##### ENTRIES SHOWN #####
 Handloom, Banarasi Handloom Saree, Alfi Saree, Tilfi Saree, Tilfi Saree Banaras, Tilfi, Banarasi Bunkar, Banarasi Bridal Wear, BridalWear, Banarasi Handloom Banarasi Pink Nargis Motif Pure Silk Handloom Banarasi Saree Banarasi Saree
#####
##### ENTRIES SHOWN #####
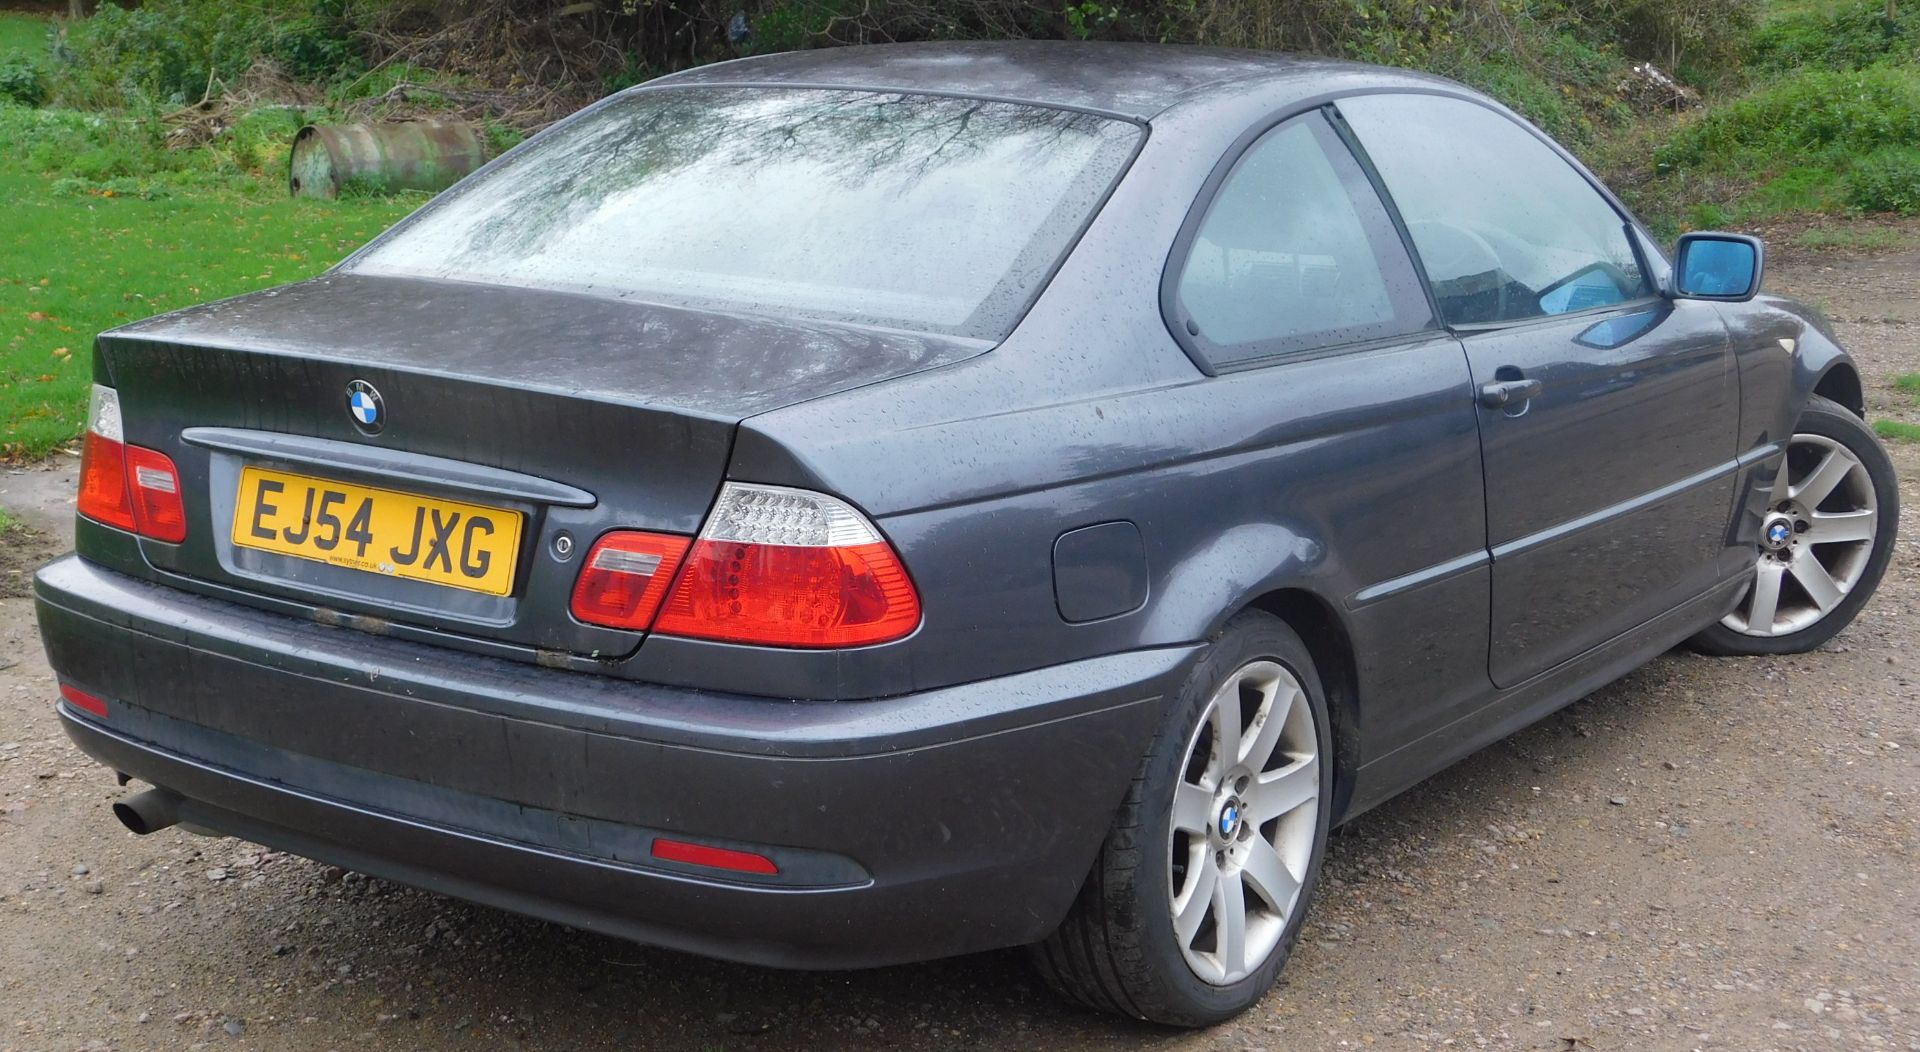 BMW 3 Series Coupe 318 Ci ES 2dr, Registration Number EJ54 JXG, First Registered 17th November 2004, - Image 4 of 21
#####
##### ENTRIES SHOWN #####
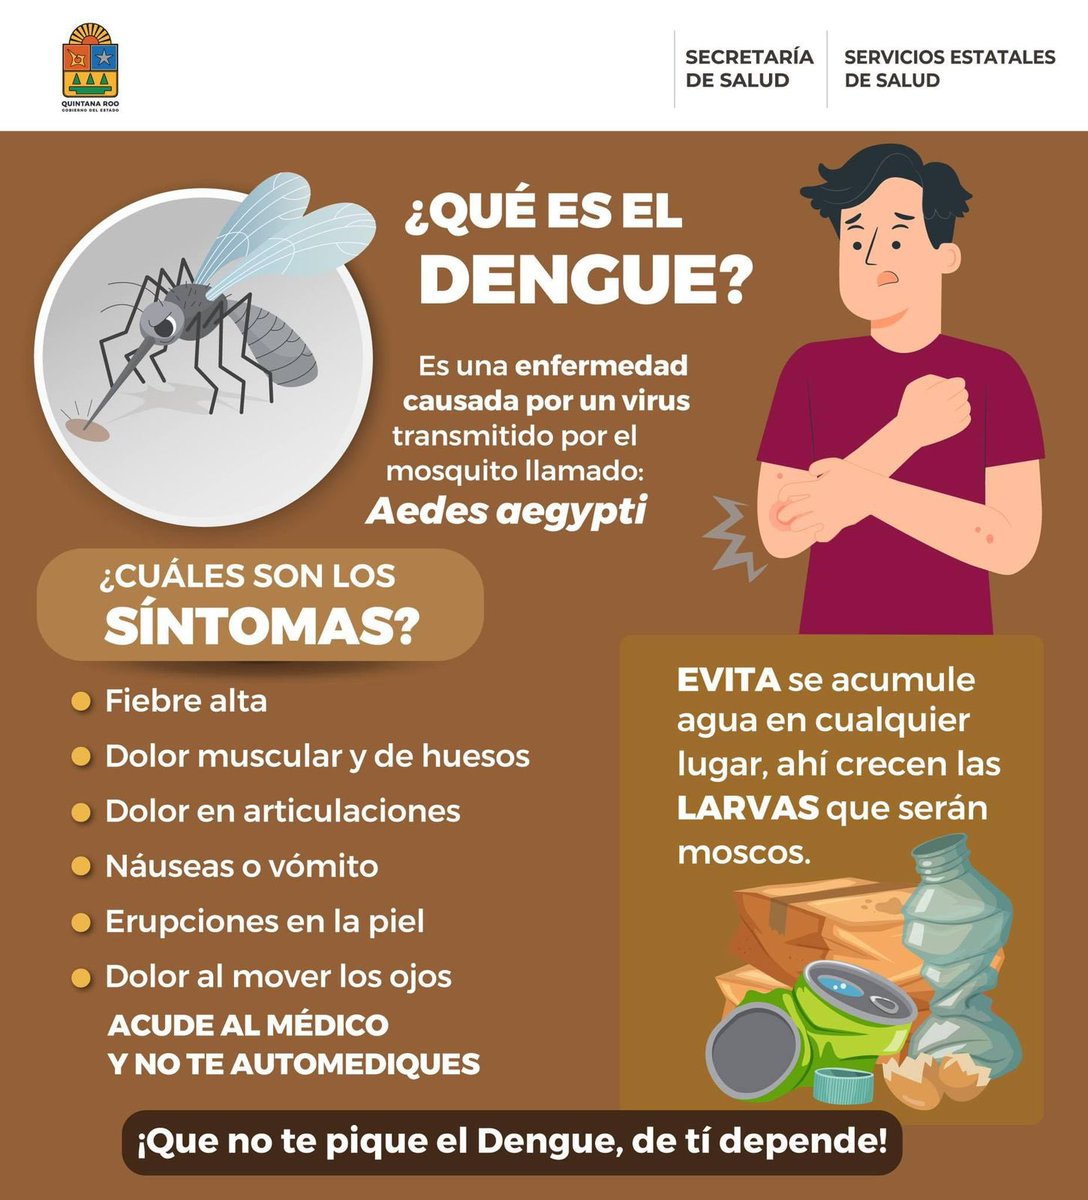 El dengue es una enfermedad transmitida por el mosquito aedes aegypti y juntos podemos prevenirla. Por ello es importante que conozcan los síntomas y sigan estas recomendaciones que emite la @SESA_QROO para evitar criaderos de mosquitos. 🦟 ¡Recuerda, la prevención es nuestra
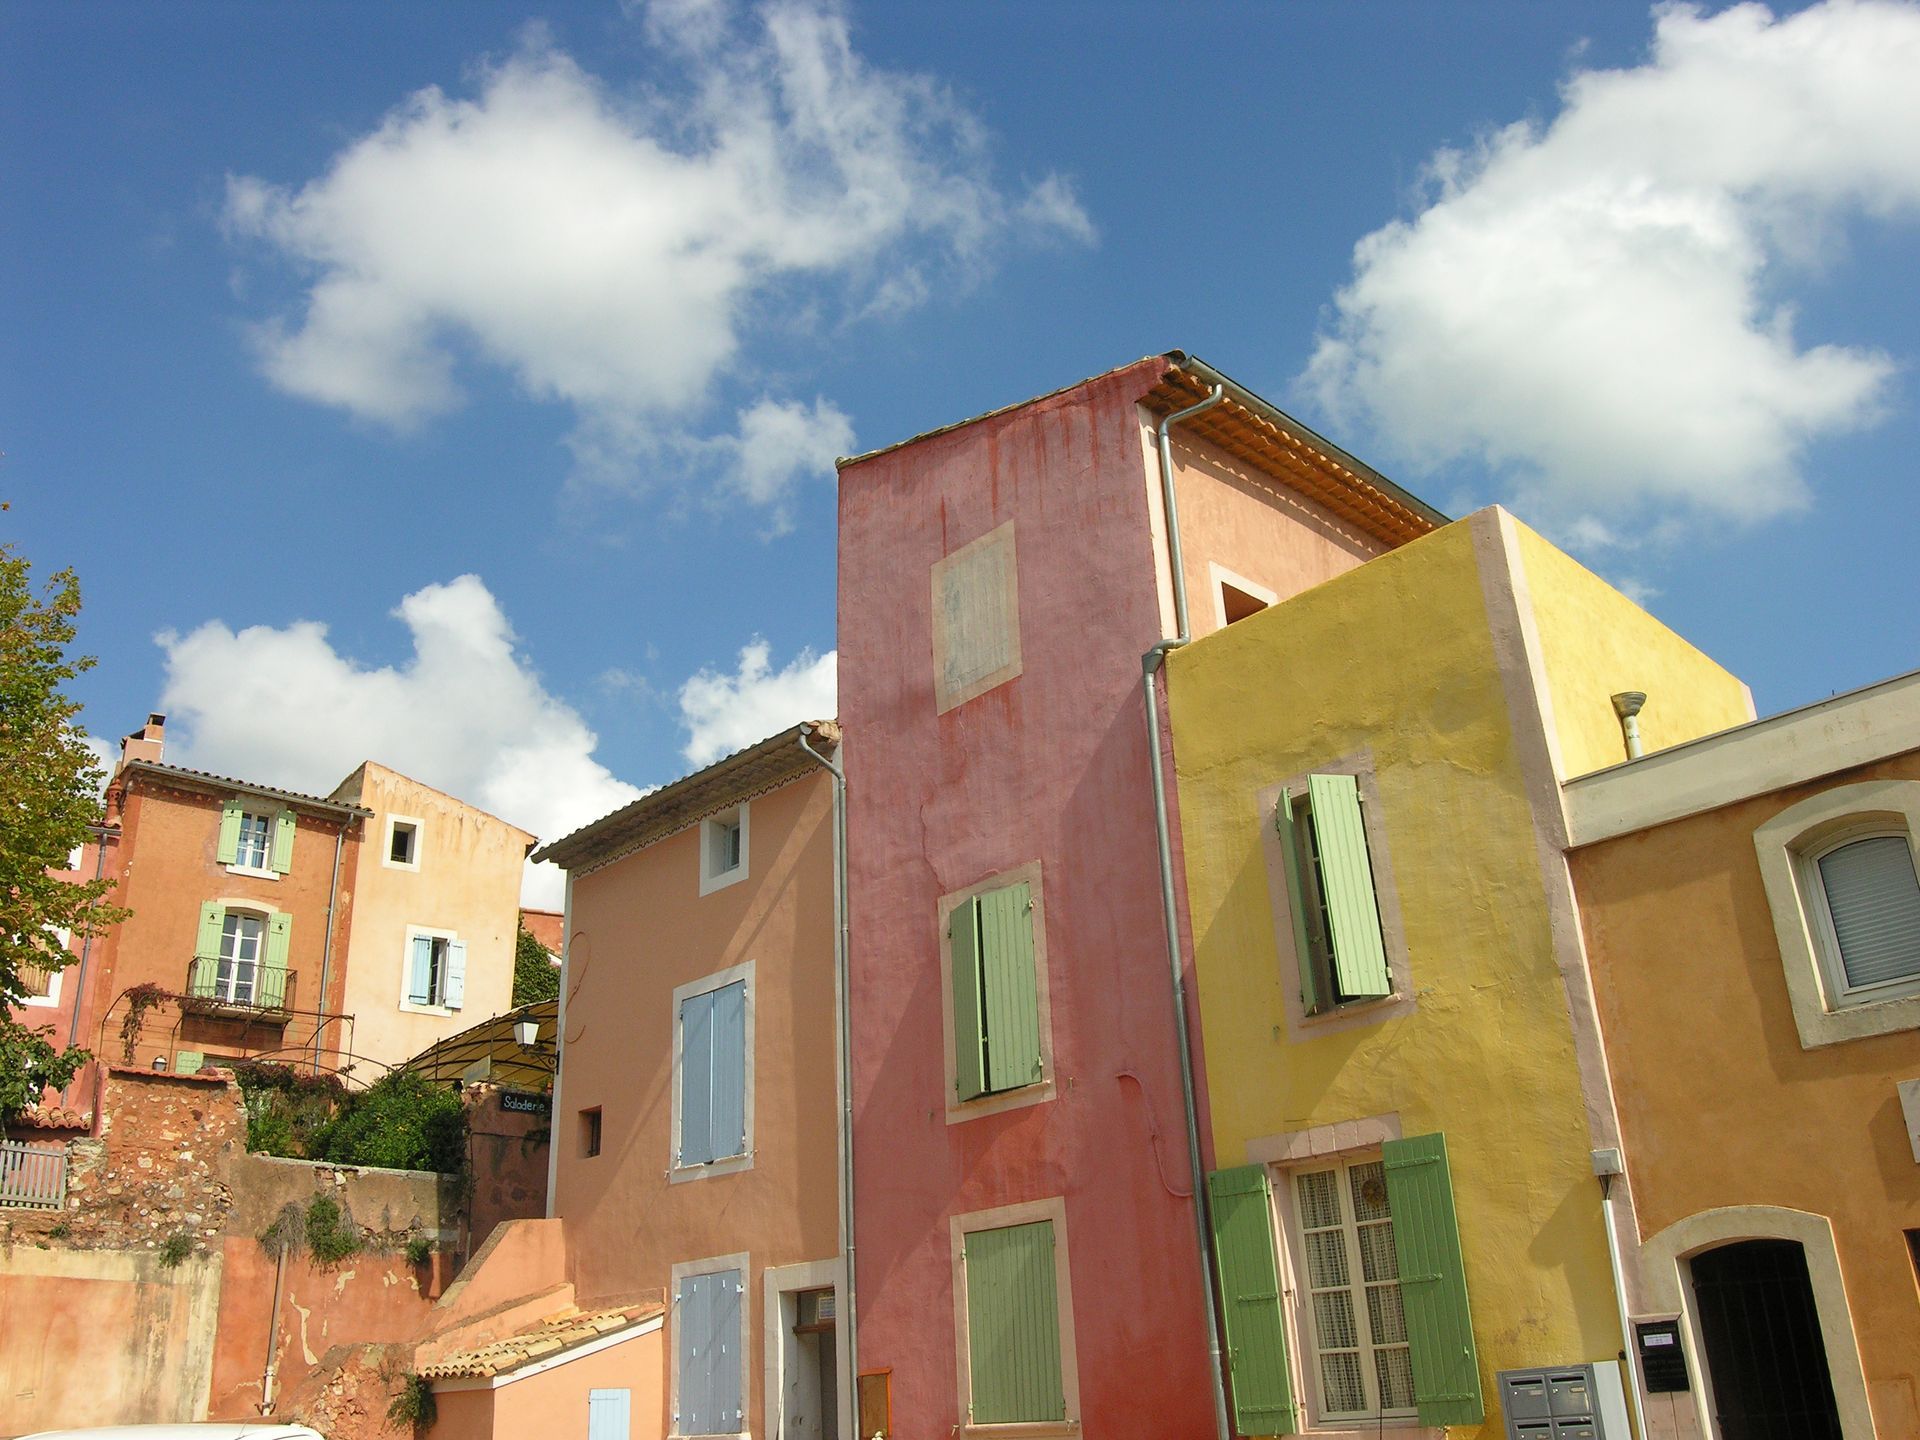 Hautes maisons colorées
#####
> [WORK TO BE COMPLETED]
Everything between and including the line above containing "El dengue es" and the line containing "Hautes maisons colorées" should be reproduced exactly, with pictures excluded.

> [RESPONSE TO THIS EXERCISE]
 El dengue es una enfermedad transmitida por el mosquito aedes aegypti y juntos podemos prevenirla. Por ello es importante que conozcan los síntomas y sigan estas recomendaciones que emite la @SESA_QROO para evitar criaderos de mosquitos. 🦟 ¡Recuerda, la prevención es nuestra
 Hautes maisons colorées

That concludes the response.